Decision tree-Entropy, the calculation of information gain

Source: Internet
Author: User

The story starts with a math problem in elementary school.

"Daddy, Why is the Panda 3 not 11"

"Honey, you haven't learned the binary, okay?"

The above story is purely fictitious, the real dialogue is actually like this

"Dad, why 3:4 little"

"Baby, just a few minutes to know. You see, pigs have a few. 3, birds have 1,2,3,4. 4. Do you see a bird more than a pig? So 3:4 small "

Why do we have to use decimal? We certainly understand that the decimal is to describe the world as a language that is used in mathematics and then communicated, if you use decimal I use binary, that can not communicate is not?

The decision tree is used more, and the information gain is used as the index of feature selection, and the information gain is the entropy difference from the former entropy.

Why use entropy? Excuse me, the question is, scientists, you just use it.

Why is it that the information gain is much more chaotic? Next we'll count the verification.

Let's start with a simple, rough one:

To classify three balls, one can clearly see the red ball alone, a group of black balls. What about the information gain of the specific classification?

Before calculating entropy in Excel

E (three balls) =-1/3 * log (1/3, 2)-2/3 * log (2/3,2) = 0.918

The first kind of division is a group of red and black balls, and a group of black balls.  In the red and black group there are red balls and black balls, red and black ball each occurrence probability is a. In another group only 100% appeared black ball, the probability of the red ball was 0

So e (Red black | black) = e (red black) + E (black) =-* LOG (2)-* LOG (2)-1 * log (1, 2) = 1

The second method is the red ball itself a group, in the Red ball group appears the probability of black ball is 0, in the Black Ball group, the probability of red ball is 0, such classification has been "pure". You can still calculate the entropy:

E (Red | black) = e (red) + E (black black) =-1 * log (1, 2)-1 * log (1, 2) = 0

So

Red and black mixed information gain G (Red black | black) = e (three balls)-E (Red black | black) = 0.918-1 = -0.02

Red and black separate information gain G (red | black black) = e (three balls)-E (red | black) = 0.918-0 = 0.918

Therefore, the large gain of red | Black and Black Group is better.

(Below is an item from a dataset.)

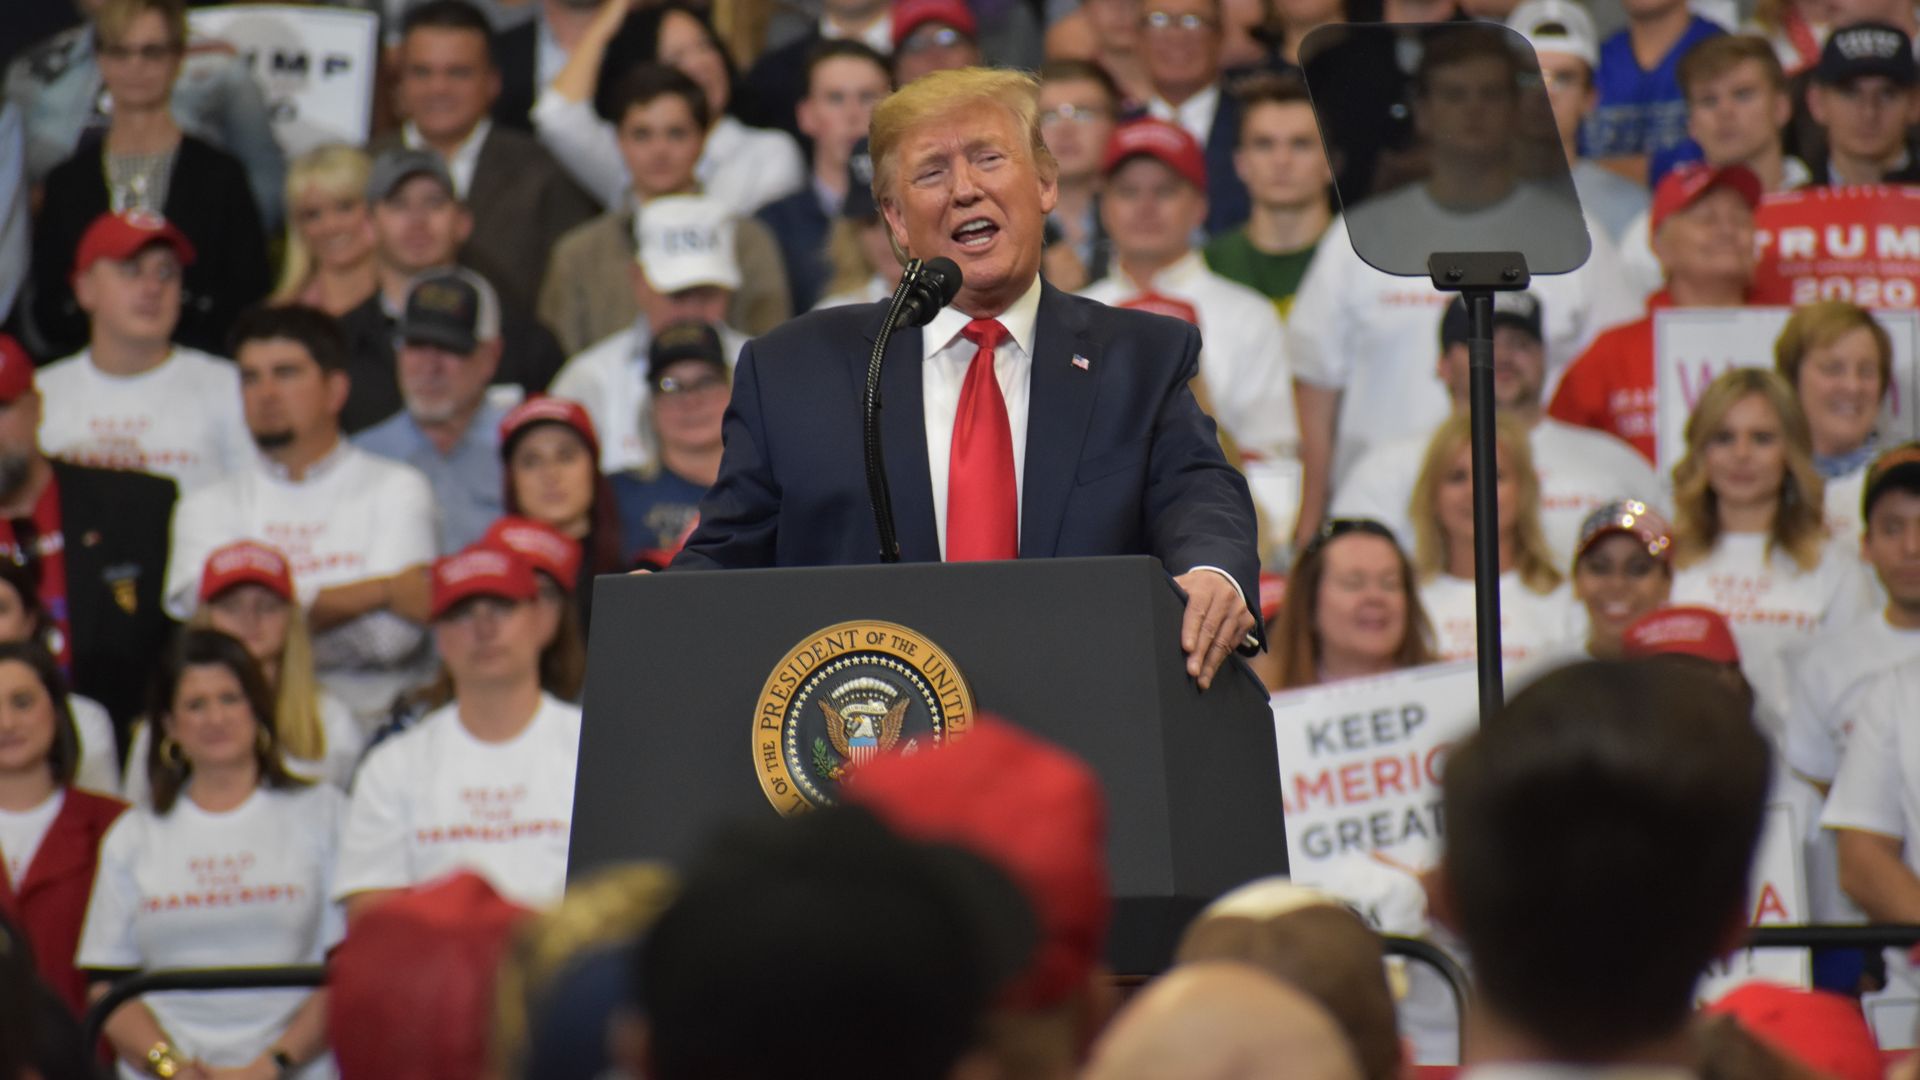  President Donald J. Trump delivers remarks at a 'Keep America Great' rally in Lexington, Kentucky

Note : The log (0, 2) = 0 is specified, although this is mathematically not true

The warm-up is over, a little more complicated:

Before you start, always focus on the red and blue two colors, it is our classification target

E (beforesplit) =-4/6 * log (4/6, 2)-2/6 * log (2/6, 2) = 0.918

If you select a shape category, the result is this (always focus on the red and blue two colors):

E (N1) = 0

E (N2) =-2/3 * log (2/3,2)-1/3 * log (1/3, 2) = 0.918

Information gain G (Shape) = 0.918-0.918-0 = 0

According to the expression classification, the result is this (please always focus on the red and blue two colors):

E (N1) = 0

E (N2) = -1/2 * LOG (2)-2 * log (1/2,) = 1

Information gain G (Shape) = 0.918-1-0 = -0.02

If you select a line (thickness) category, the result is this (always focus on the red and blue two colors):

E (N1) = -1/2 * LOG (2)-2 * log (1/2,) = 1

E (N2) = -1/4 * LOG (2)-3/4 * log (3/4, 2) = 0.811

Information gain G (Bold) = 0.918-1-0.811 =-0.893

Therefore, the preferred classification is by shape.

It can also be seen that in extreme cases, the information gain has a tendency toward the node entropy of 0, but this is not necessarily the best choice.

10 binary not all fields apply, right?

^_^

Decision tree-entropy, information gain calculation

Contact Us

The content source of this page is from Internet, which doesn't represent Alibaba Cloud's opinion; products and services mentioned on that page don't have any relationship with Alibaba Cloud. If the content of the page makes you feel confusing, please write us an email, we will handle the problem within 5 days after receiving your email.

If you find any instances of plagiarism from the community, please send an email to: info-contact@alibabacloud.com and provide relevant evidence. A staff member will contact you within 5 working days.

A Free Trial That Lets You Build Big!

Start building with 50+ products and up to 12 months usage for Elastic Compute Service

  • Sales Support

    1 on 1 presale consultation

  • After-Sales Support

    24/7 Technical Support 6 Free Tickets per Quarter Faster Response

  • Alibaba Cloud offers highly flexible support services tailored to meet your exact needs.